Photo by Psovart

I’ve left my home country.

I went through a grieving period where I had to finally face my expatriation as a citizen, as a member of the collective that is America.

The mourning lasted about a half an hour.

But still, it was tough, to face those realities that I have left my home, indefinitely. The culture, the nation, the land that nourished me, that gave birth to me, I’m leaving it because the opportunity is better elsewhere.

It’s funny, that’s why so many of my American ancestors came to the United States in the first place; they were leaving the risks at home for the unknown risks (and fabled opportunities) across the sea. Being a descendent of that conquest into the unknown is irreplacable; I have the distinctly American tendencies of wander and adventure. I find these tendencies even more prevalent in those who live on the west coast, where the adventurer subset of the adventurous Americans traveled off to.

And then I hit the edge of the frontier, at the Pacific ocean, and I got caught in the moss for a while. I tried for ten years to succeed in America, and it just wasn’t happening. Getting sick could lead to financial ruin.

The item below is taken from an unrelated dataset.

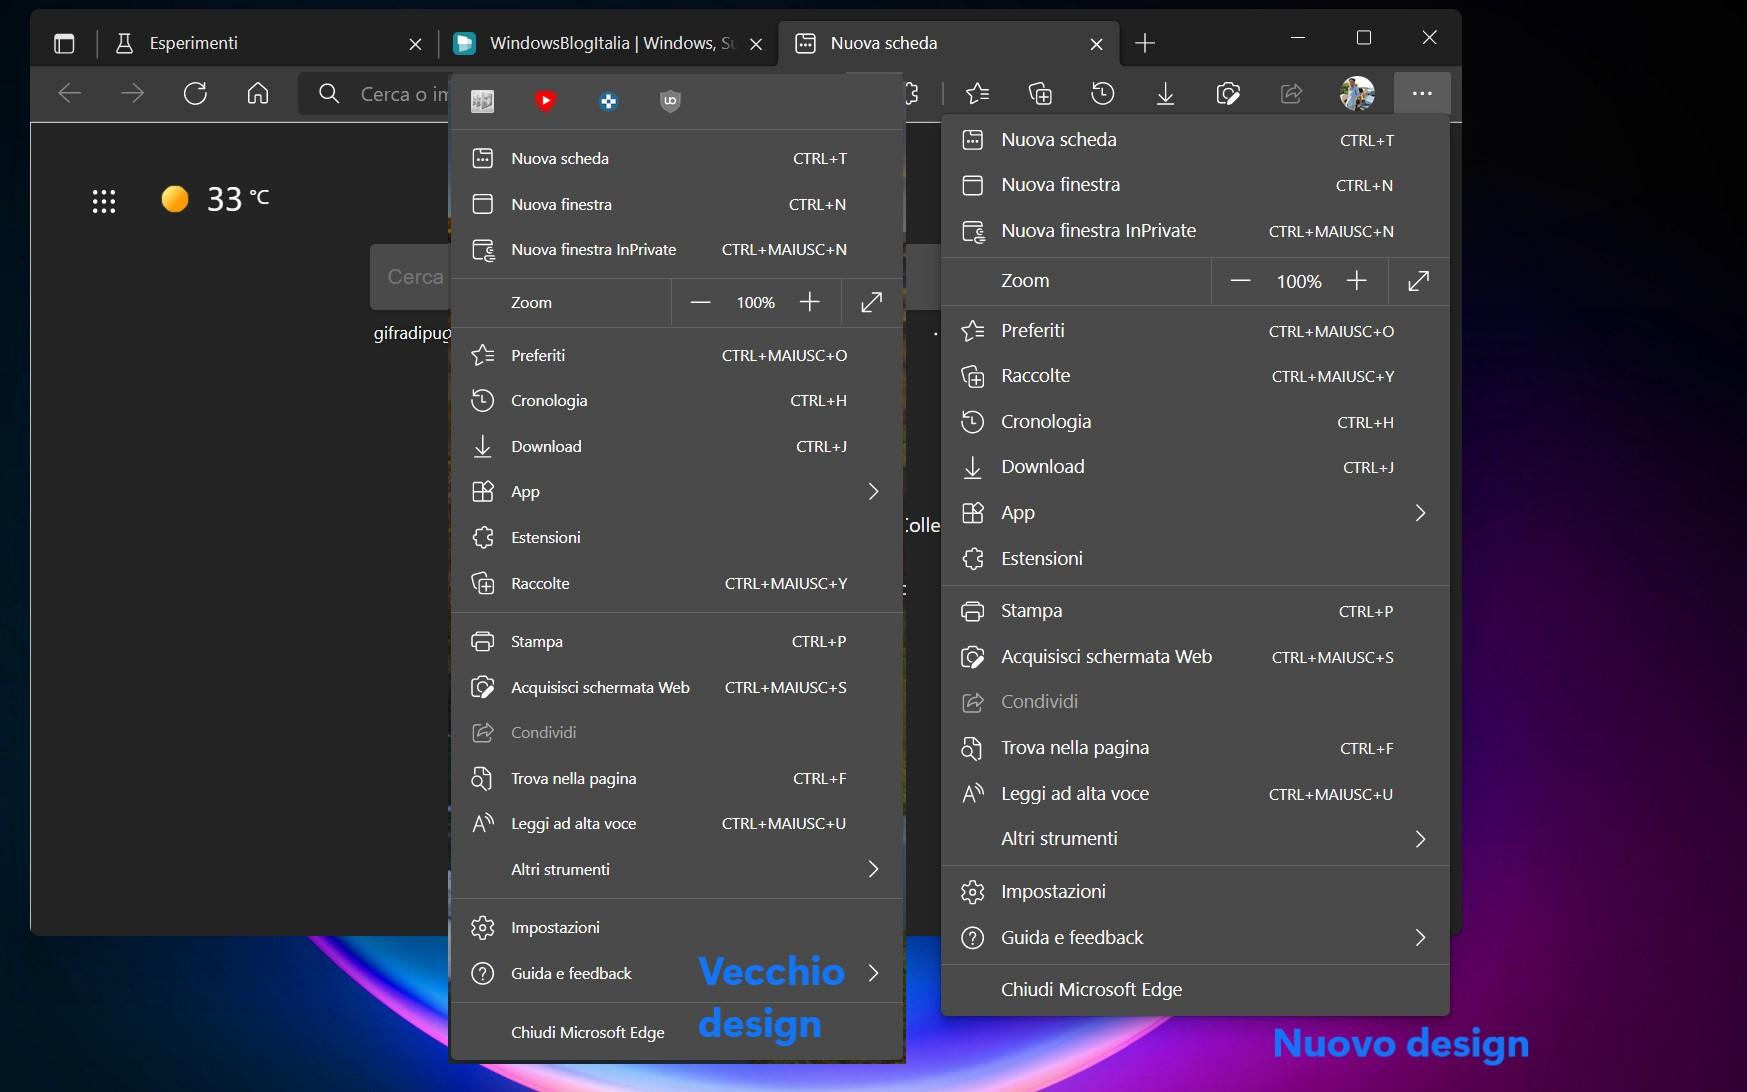 Microsoft Edge Canary - Flag - Enable Windows 11 Visual Updates - Nuovo design menu

I had serious fears for the future of the country; after a decade of being pillaged by obscenely rich and inhuman corporations, the country, the economy, and the society are not feeling safe to this sailor of that lifelong ship.

It’s too risky to stay, and the opportunity is better elsewhere.

As a people, Americans are descended from those who made this very same leap into the unknown. It’s how our forbears got there in the first place.

Leaving America was, quintessentially, the most American thing I could do.